The future tells them, oh come off it.
The pundit cannot do a high kick,
As V. Shevchenko’s not a psychic –
To read the runes like Mother Shipton?
Ah, what banana skins she slipped on! –
Next year remains a clouded glass
Where countless futures come to pass –
The world is run by tinpot showmen:
What augur reads their bloody omens?
War and peace? Confound this stanza!
(Though Jan will see a sales bonanza.)
Bill Greenwell
’26 was bitter-born, in debt and ice and rain,
And only Lammy (later Lord) could think away the pain:
‘I see how we may pay our way…!’
He cried, ‘And be titanic!
We’ll marry Works and Pensions
To the MOD – Don’t Panic!’
At one stroke – budgets balancing,
And more battalions than Beijing;
This conscription-like prescription bade the nation resurrect:
Here, Pensioners with 105s: ‘Load up!
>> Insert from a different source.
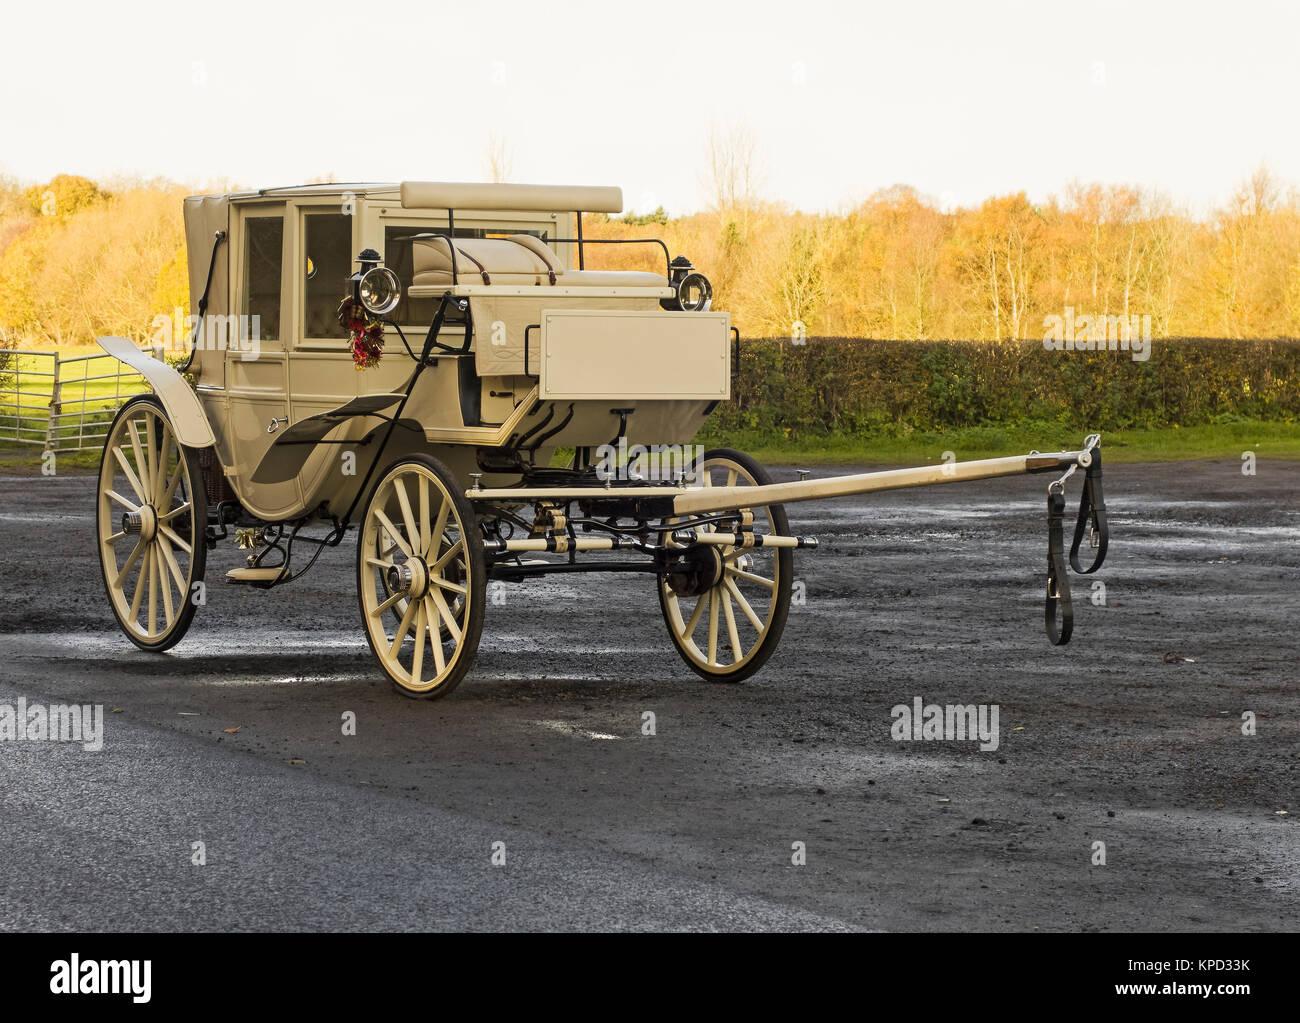 Horse drawn wedding carriage sans horse - Stock Image

Correct! Correct!’
There, job seekers who sought no more,
In debit universal:
Their sergeants knew what they were for
And helped with this reversal;
And Pips were flipped for battleships, confounding knavish tricks,
When Lammy saved the nation, back in 2026
Nick Syrett
I see, in 2026
An end to British politics
As flags replace our squabbling MPs.
No partisan, loquacious spats
Or boisterously disputed stats,
Just uncontested flutter on the breeze.
In 2026, you’ll find,
Flags are the things you’ll get behind,
Since they won’t bring forth policies or Bills.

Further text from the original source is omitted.